第49話 職人の味に思いをはせ「明星 大砲ラーメン」
「大砲ラーメン」インパクトのある名前だ。
昭和28年の福岡県久留米市。戦後の復興とともに生まれた屋台に、大砲ラーメンの歴史が始まったという。
その歴史を象徴するがごとく守り続けられているのが「呼び戻しスープ」だ。これは開店当初からのスープをつぎ足しながら作るスープだ。これには素人目にも、味見をしながらスープの味を調えていくため、高度な味覚と知識・技術・経験が必要とされるのがわかる。
この反対は「取り切りスープ」と呼ばれるもので、作ったスープは使い切りだ。これは材料を決められた分量、決められた手順で調理すればつくることができる(現実にはそんなに簡単ではないと思うけど)。
効率重視の現代、主流は「取り切りスープ」であろう。しかし「大砲ラーメン」は「時流に逆らうことも必要」と語り「呼び戻しスープ」を守り続けていると聞く。
そのこだわりを聞くだけでもすでに美味しさを感じる。料理は味はもちろんだが、作る人の思いや歴史まで加えて味わうと、無限においしさが広がるものだと思う。
今回はやはりカップめんで『大砲ラーメン』を味わうわけだが、カップめんではリアルな「呼び戻しスープ」は当然味わえないのだが、今日もその歴史に思いをはせながら、気分だけでも味わってみたい。
それではさっそく開封してみる。
小袋は4種『粉末スープ』『液体スープ』、チャーシュー、メンマ、ねぎの『かやく』、そして『後のせかやく』だ。
粉末スープとかやくをいれる。お湯を注ぎ4分待つ。
粉末スープのみでとんこつの良い香りが漂う。白濁したスープでこれだけでもうまそうだ。
それにクリアな茶色の液体スープを注ぐ。スープはオイルの浮いた薄茶色のスープになり、香りもつややかさが加わったようだ。最後に後のせかやくを入れて出来上がりだ。
さっそくスープを一口。存分にコッテリだ。オイルのぬるぬるが唇に染みる。それでいてしつこくない。これだけ飲んでも満足いく味だ。
めんは細麺でほぐれも良く、ツルツルと口当たりも良い。細麺なのにコシも十分だ。めんとスープを交互に、至福の味わいを楽しむ。
今回意外だったのはかやく、まずはメンマだ。シナシナになり、メンマのシャキシャキ感はないものの、スープをよく吸って深い味わいを楽しめる。
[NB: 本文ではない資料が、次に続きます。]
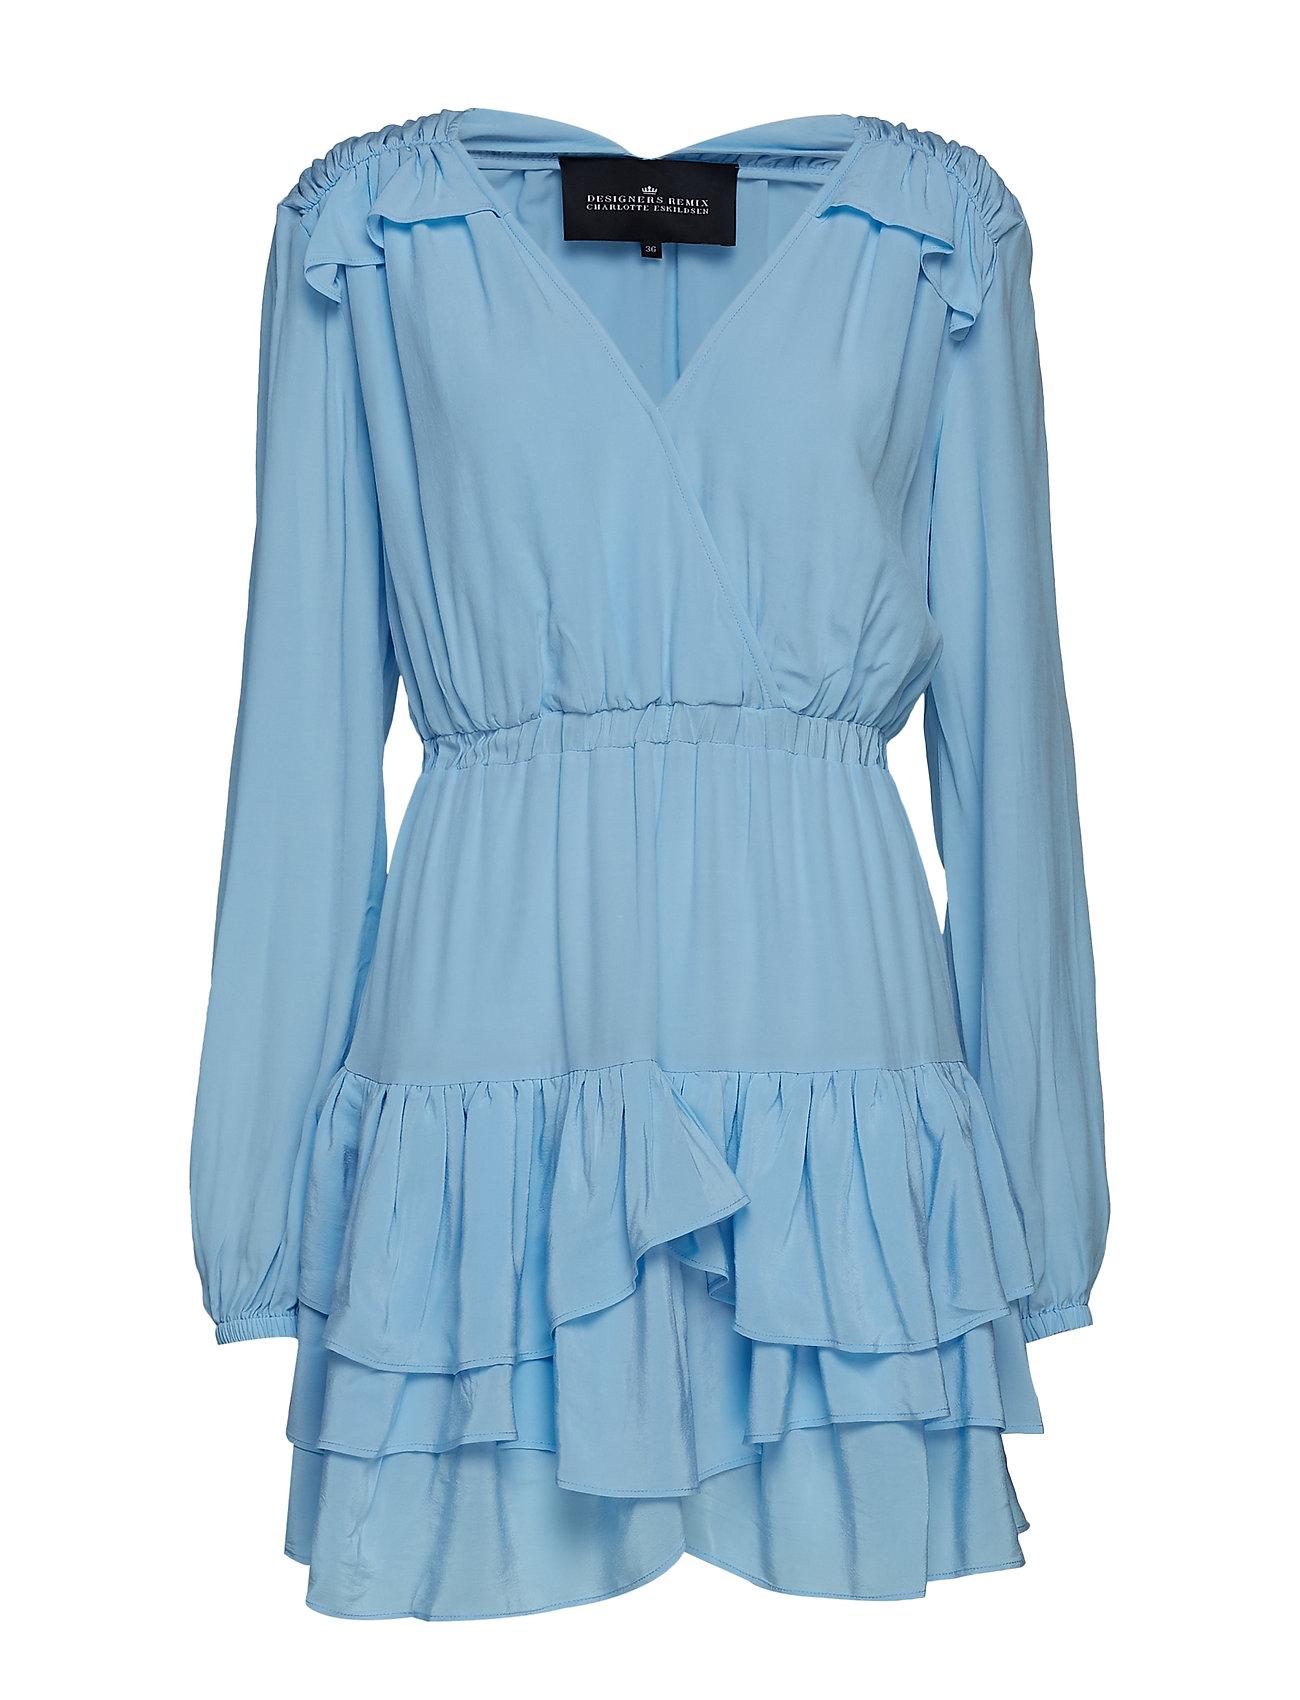 DESIGNERS, REMIX Nini Ruffle Dress - SKY BLUE

そして、入れた時から何かわからなかった『後入れかやく』、茶色いつぶつぶで最初はそぼろかと思ったが、食べてみるとヌルッとした揚げ物の衣みたいな食感に、すこしドライな歯触りを残す濃厚な味と香り、しばらく何か考え、ふとカップのサイドを見ると『カリカリ背油』と。なるほど、これは揚げた背油なのか。
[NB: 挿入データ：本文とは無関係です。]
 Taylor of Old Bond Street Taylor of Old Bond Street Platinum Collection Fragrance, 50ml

同じカップ麺を食べても、その時の状況により全く味わいが変わってくる。そう考えると同じ味がうまくもなれば、そうでないときもある。こう考えると職人技によって支えられている「呼び戻しスープ」はその時々の微調整を加えられた、その場その時に最高の味に仕上げられているのかもしれない。これはぜひ当地で味わってみたいものである。